Moreover, Black et al. (1984) documented that only about 6% of the tubulin is resistant to cold and calcium when these cultured neurons are homogenized. These observations

suggest that neurons RO4929097 manufacturer contain multiple classes of microtubule polymers that differ in stability. The relatively stable class is presumably rendered less dynamic by cofactors such as STOP and other microtubule-related proteins that function in this manner in other cell types (Slaughter and Black, 2003), whereas the most stable class is unique to neurons and rendered completely nondynamic by a modification of the tubulin itself. Brady’s group has now made significant progress toward solving the mystery of the modification that accounts for the unique properties of cold-stable tubulin. In their new article, they argue that the relevant modification is Selisistat manufacturer transglutaminase-catalyzed polyamination (Song et al., 2013).
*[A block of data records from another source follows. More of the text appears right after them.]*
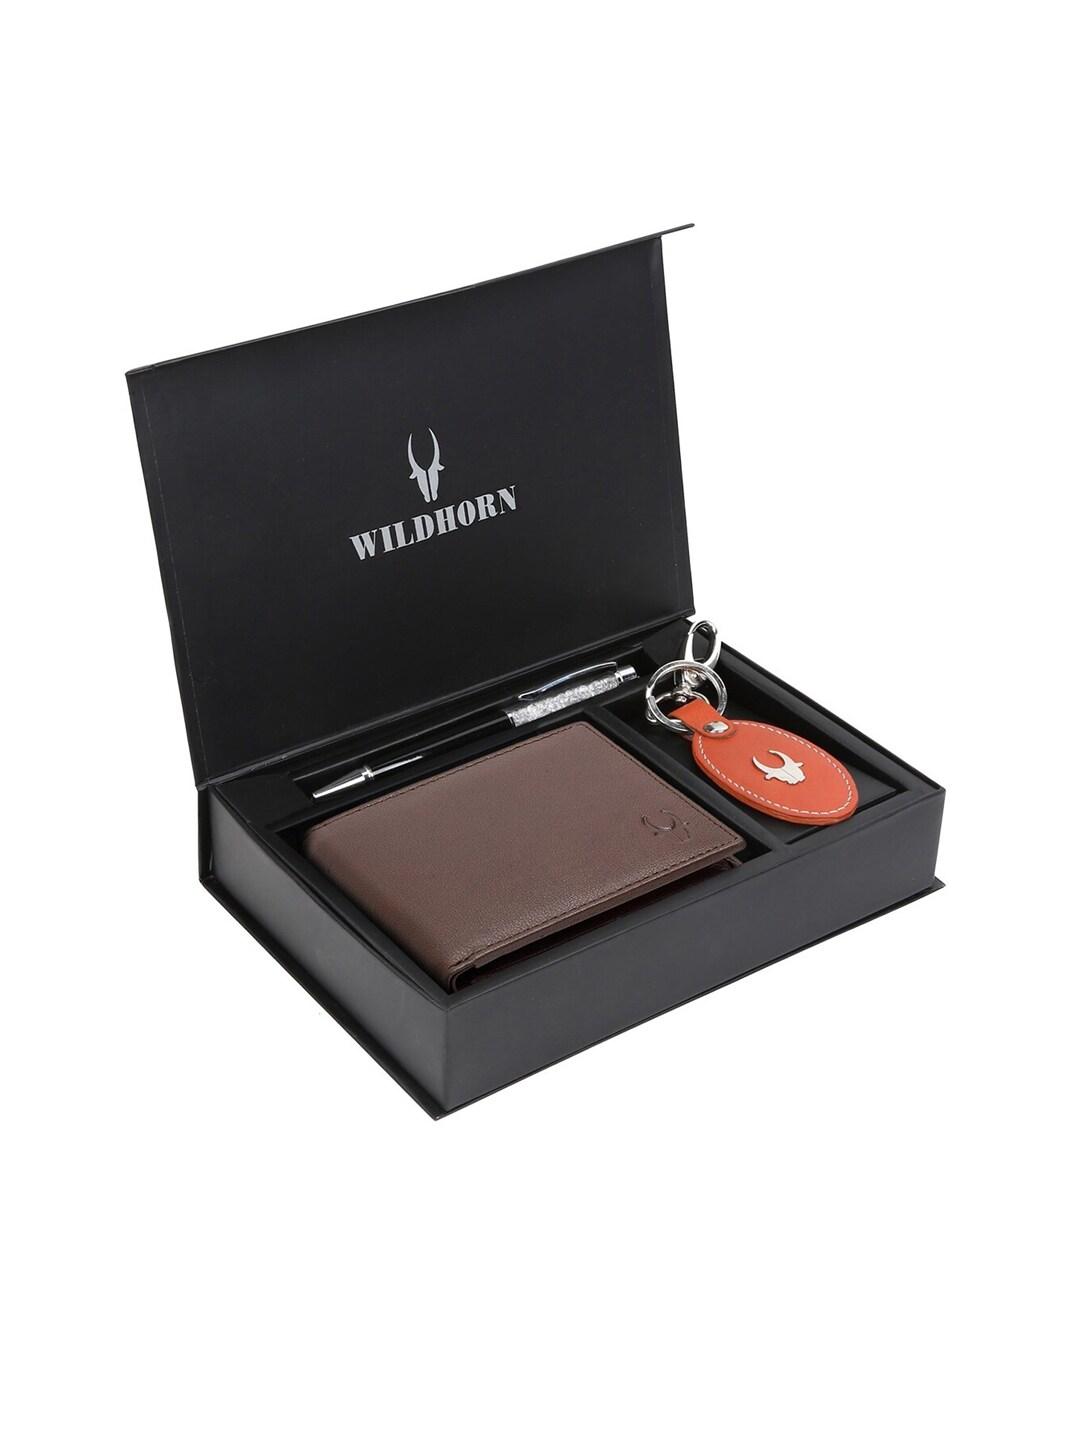 wildhorn men brown & blue rfid protected genuine leather wallet gift set
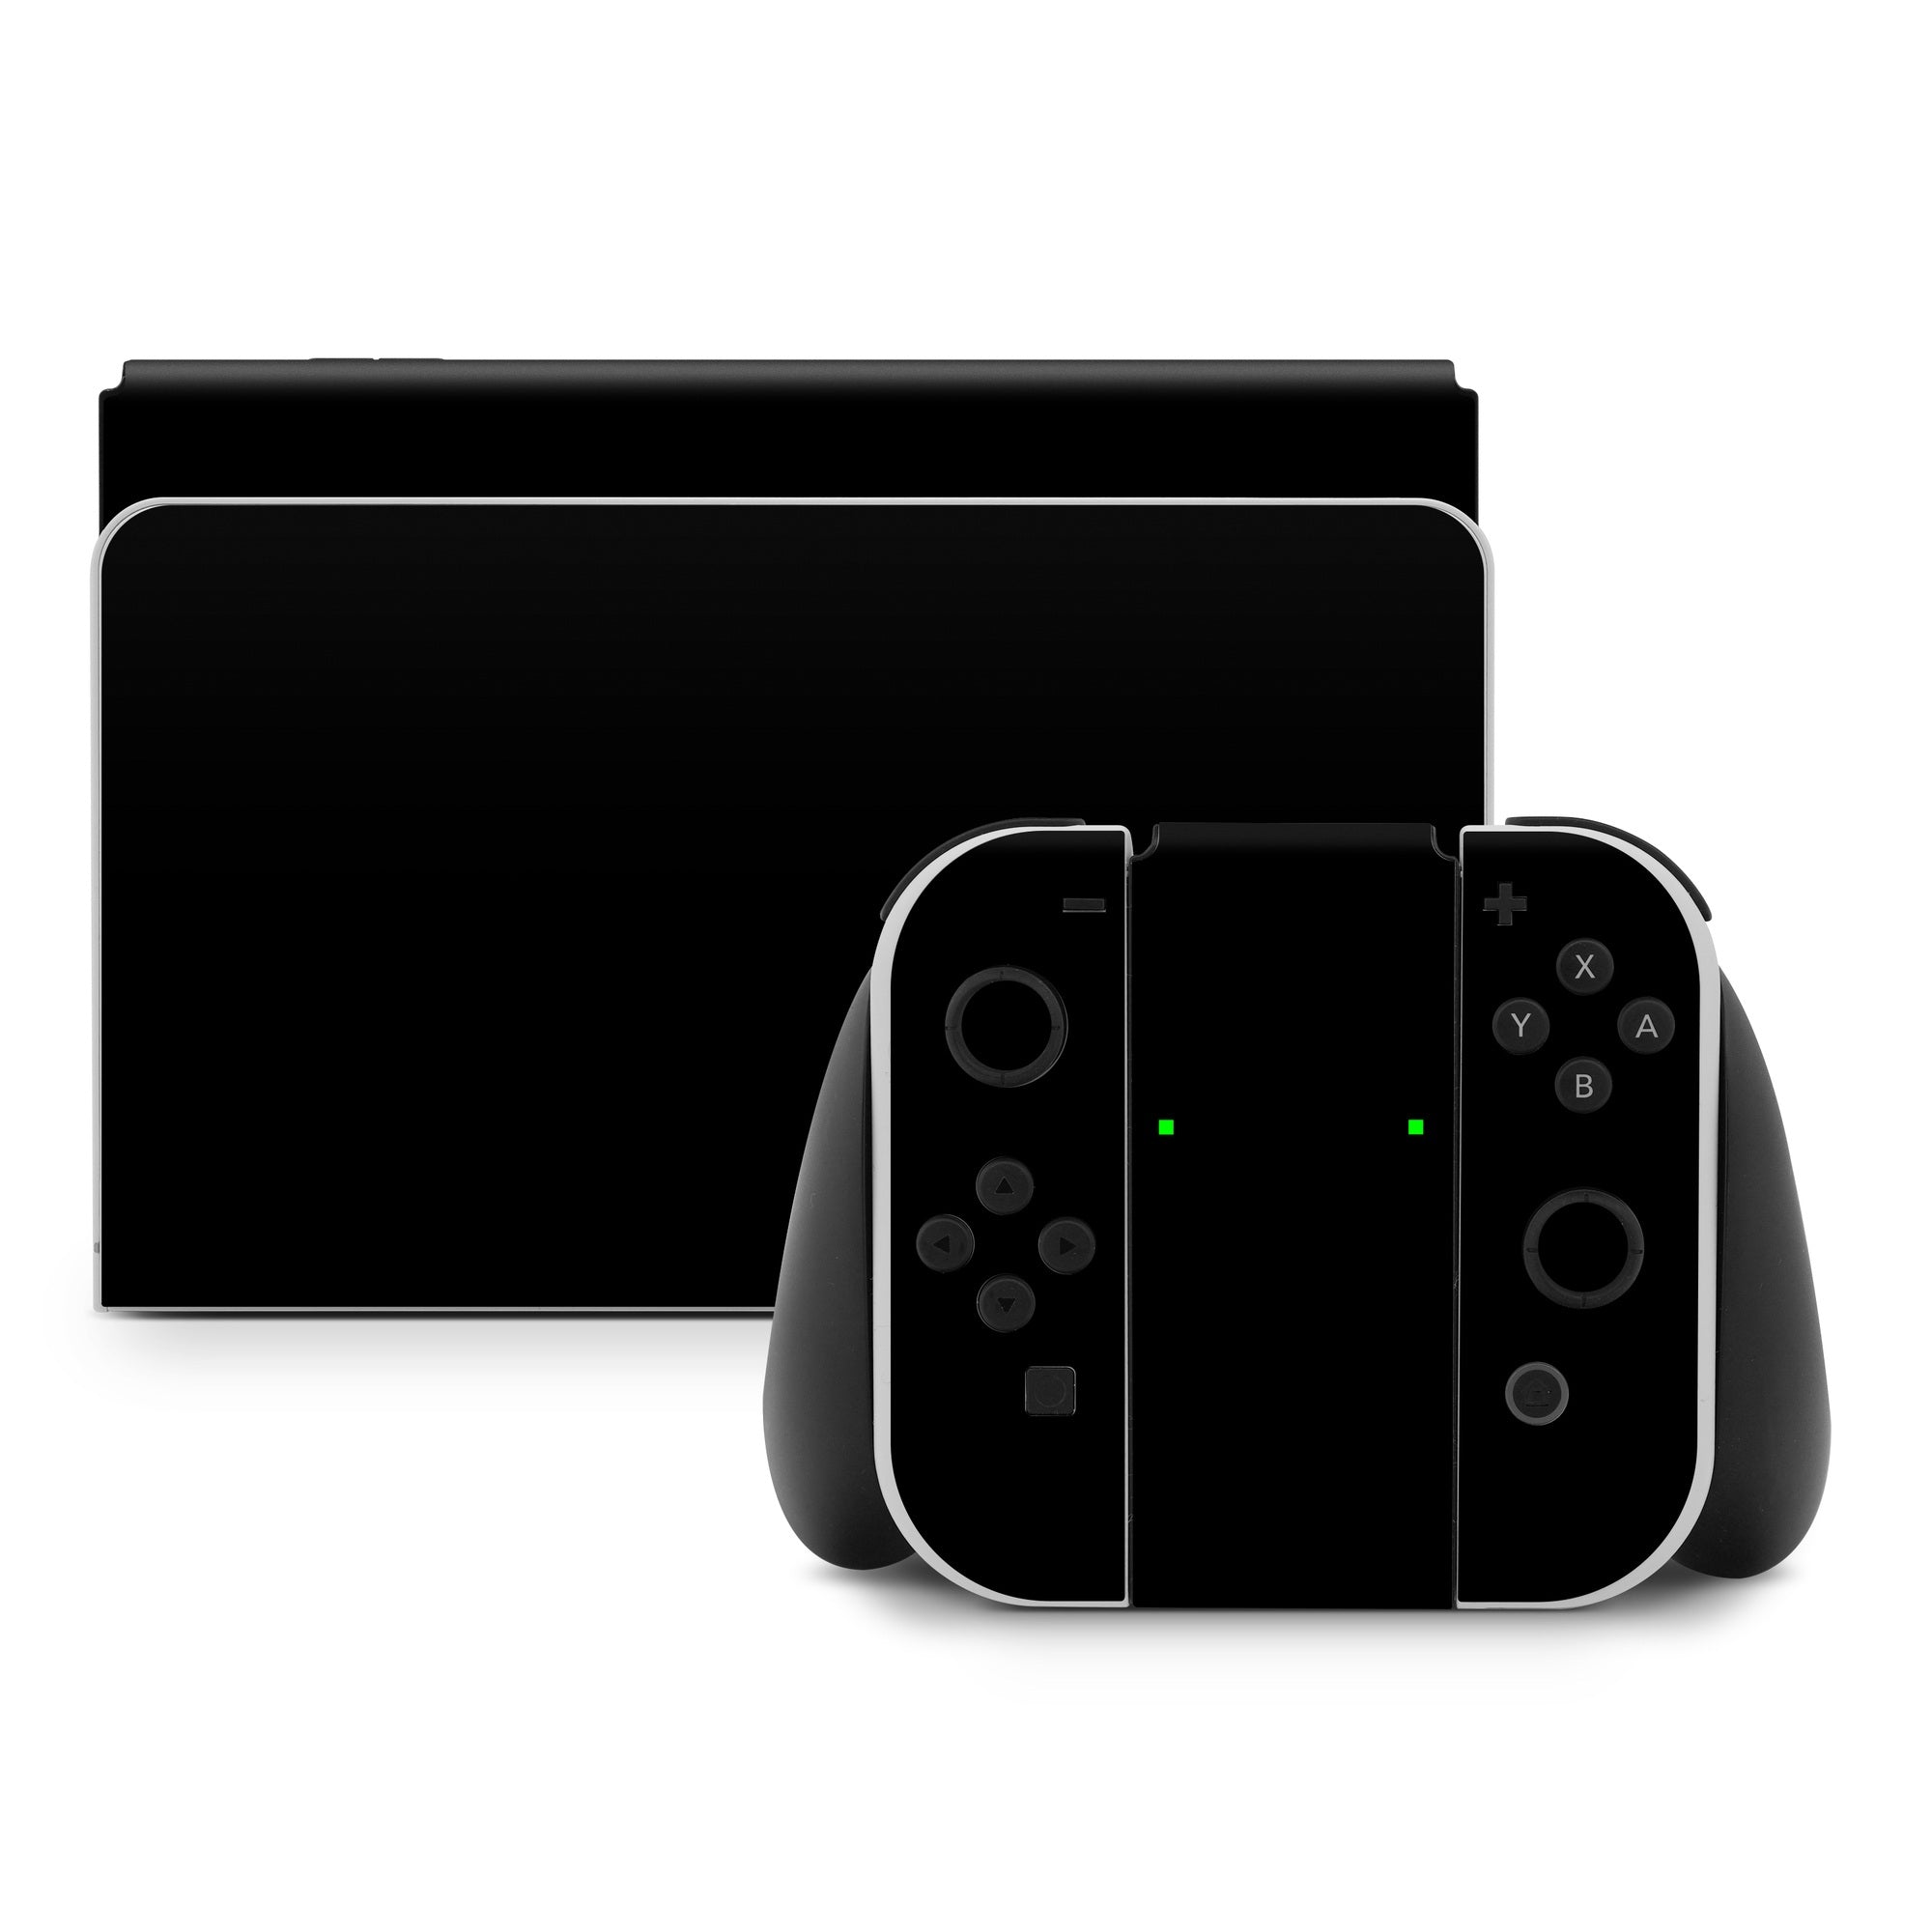 Solid State Black - Nintendo Switch Skin
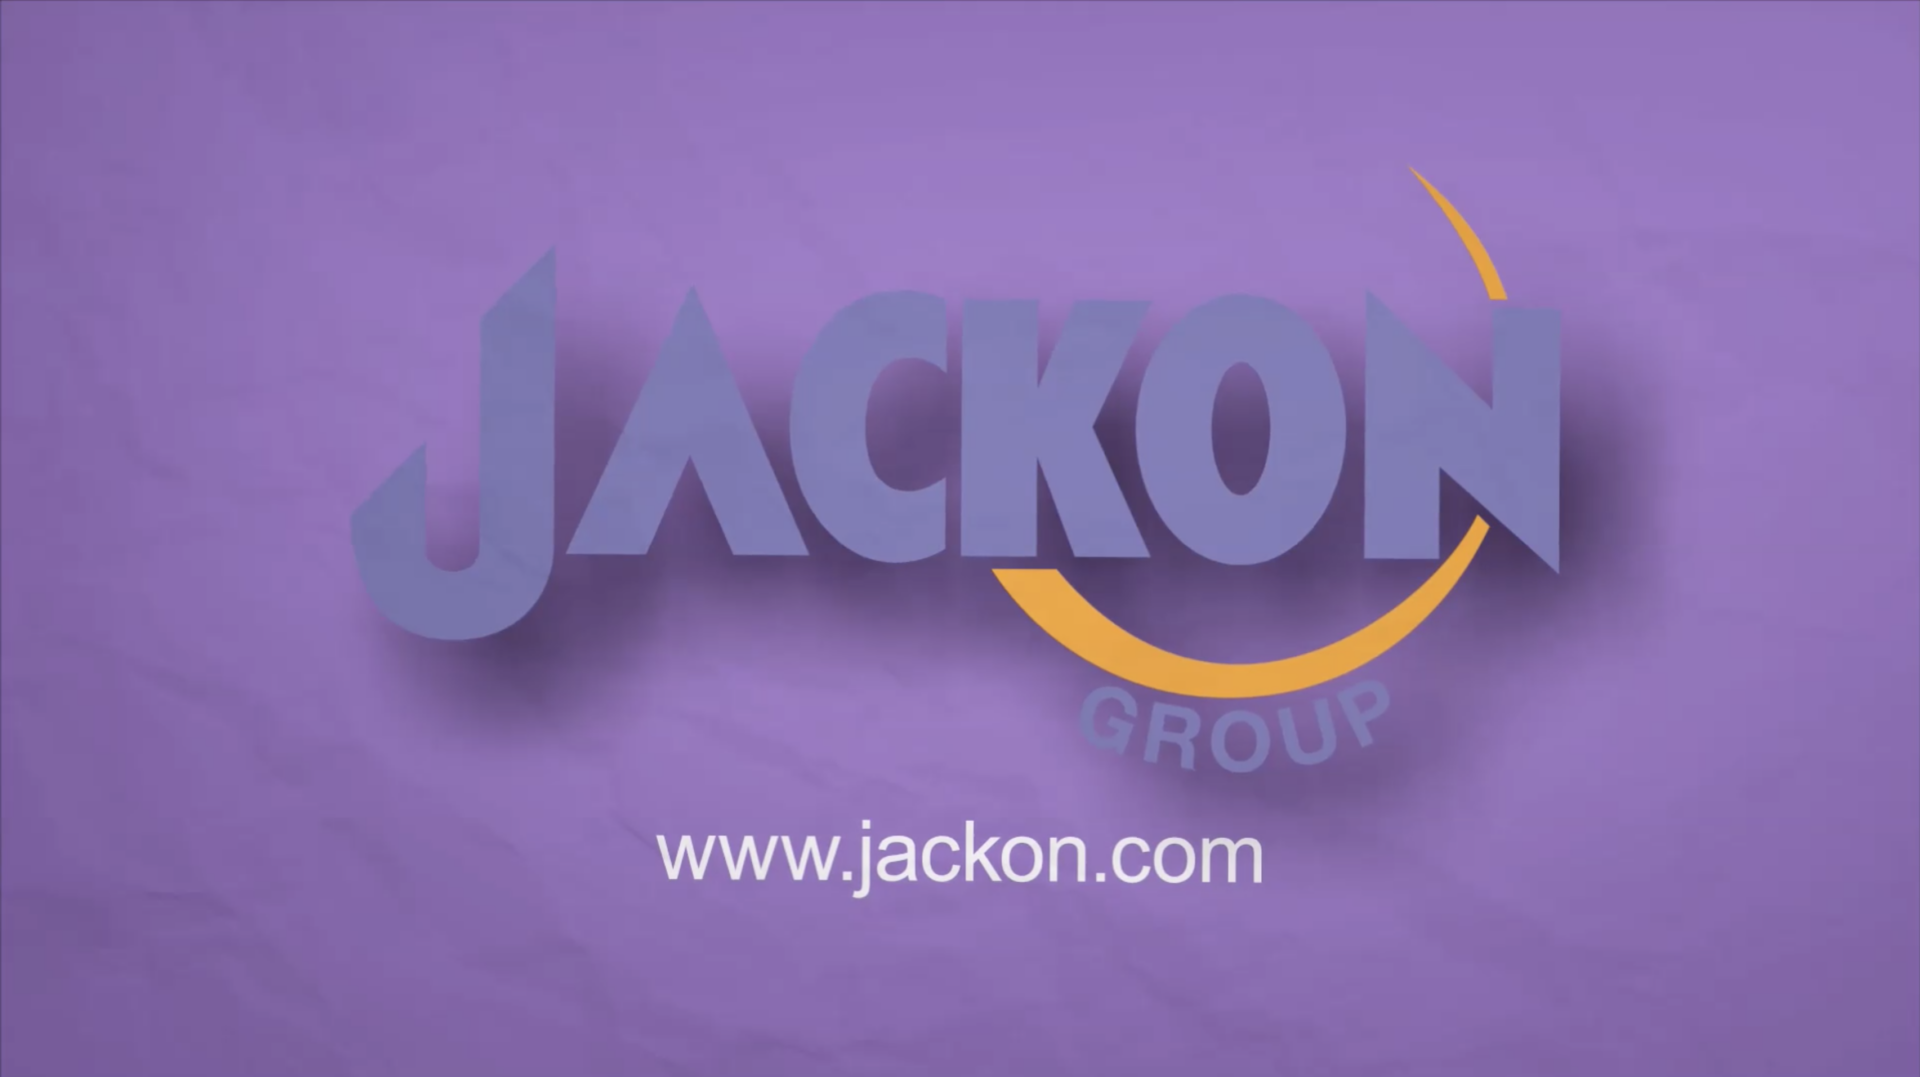 The Jackon Group
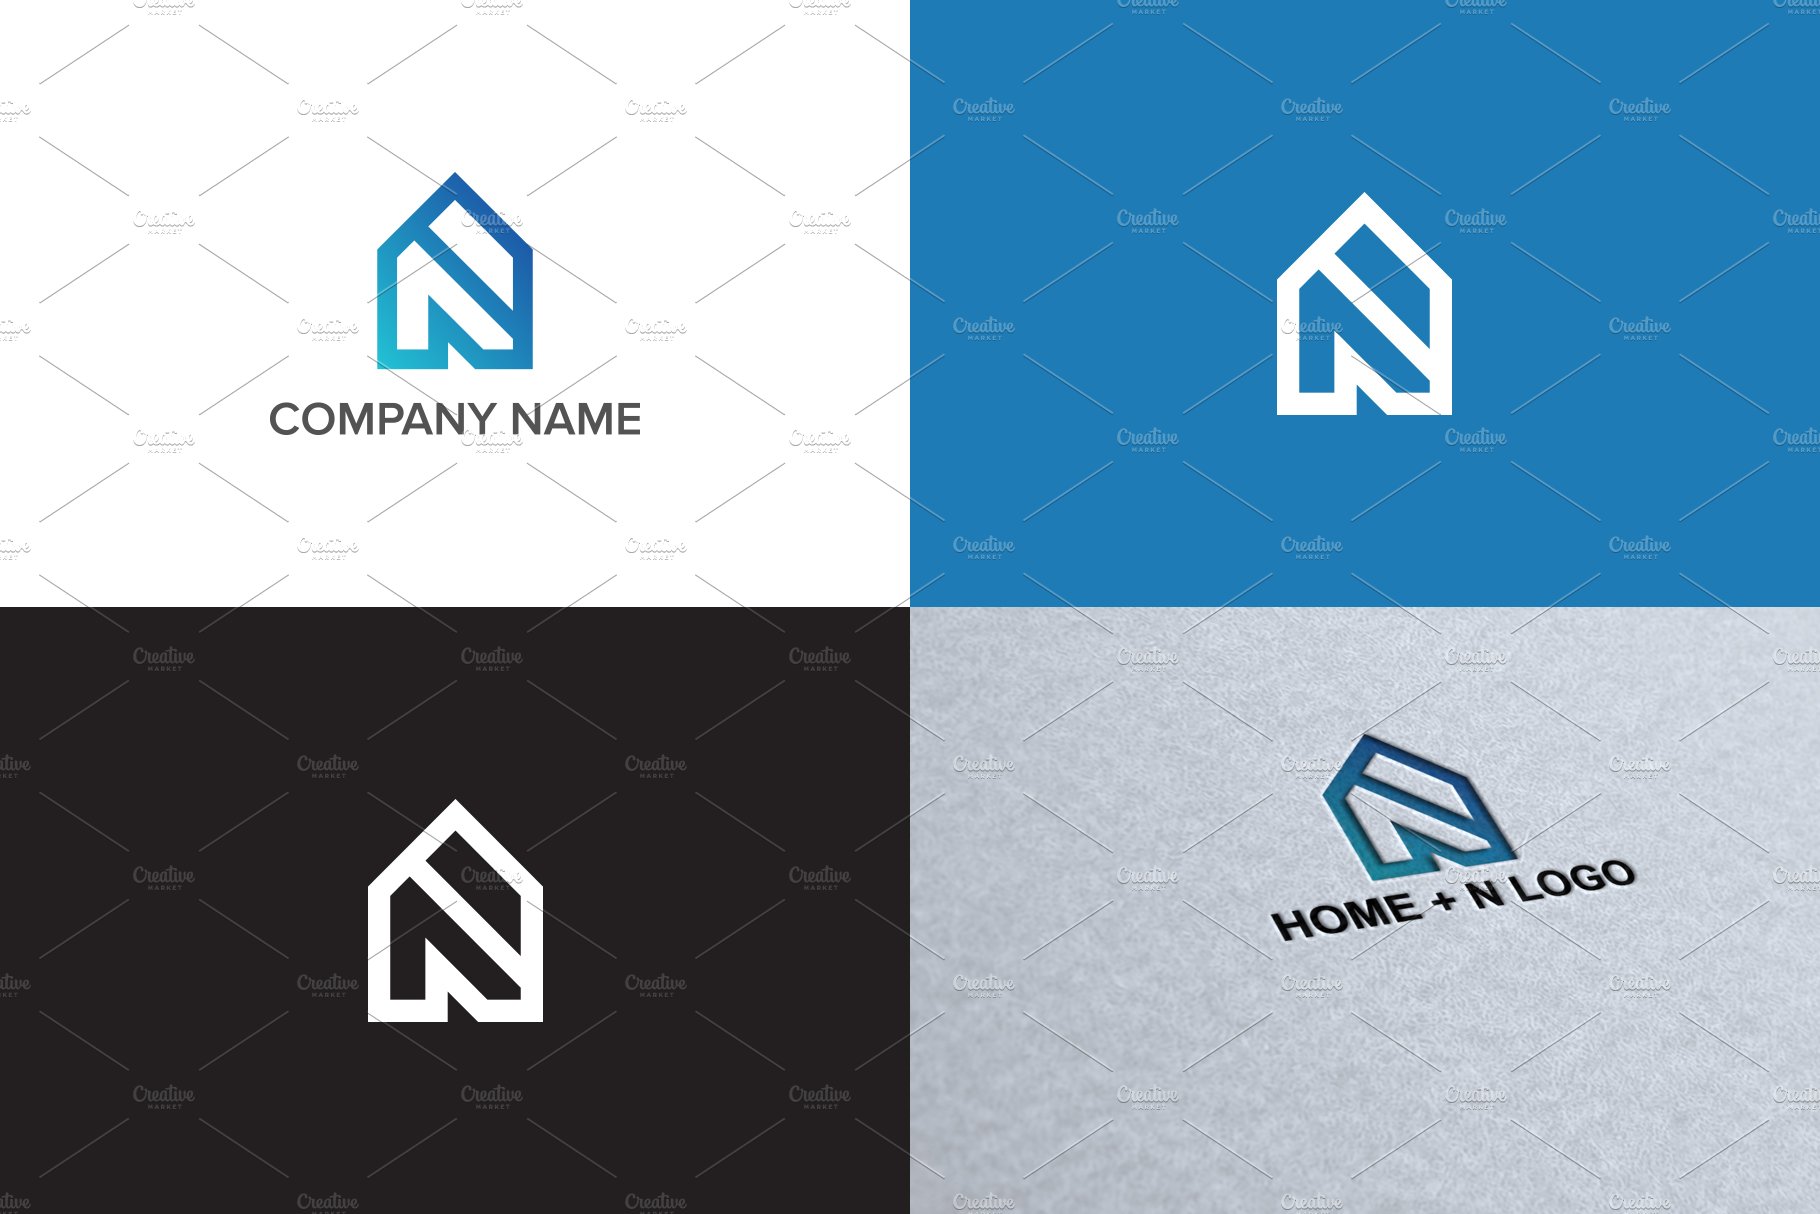 Home logo design preview image.

This makes sense because polyamination is known to make proteins more basic, whereas most modifications make proteins more acidic or are neutral, and because polyamination is known to cause proteins to become stable, insoluble, and resistant to proteolysis. In addition, transglutaminase activity is known to increase as Florfenicol neurons mature. However, to date, there has been no evidence showing that brain tubulin is a substrate for this modification that may change microtubule stability. In the new article, Song et al. (2013) report eight independent lines of biochemical evidence favoring the view that the polyamination of tubulin by transglutaminase

contributes to the stabilization of microtubules in neurons. This is fascinating in that the more commonly studied tubulin modifications (acetylation and detyrosination) do not confer stability to microtubules but, rather, accumulate on microtubules that are more stable (Janke and Bulinski, 2011). Thus, polyamination by transglutaminase would be the first identified modification that not only directly confers stability to microtubules but also makes them unusually stable in comparison to other stability classes of microtubules. Song et al. (2013) present a model in which they posit that the polyamination step can occur on free tubulin, after which modified and unmodified tubulins intermingle during microtubule assembly. Additional modifications may occur on polymerized tubulin. This raises several questions.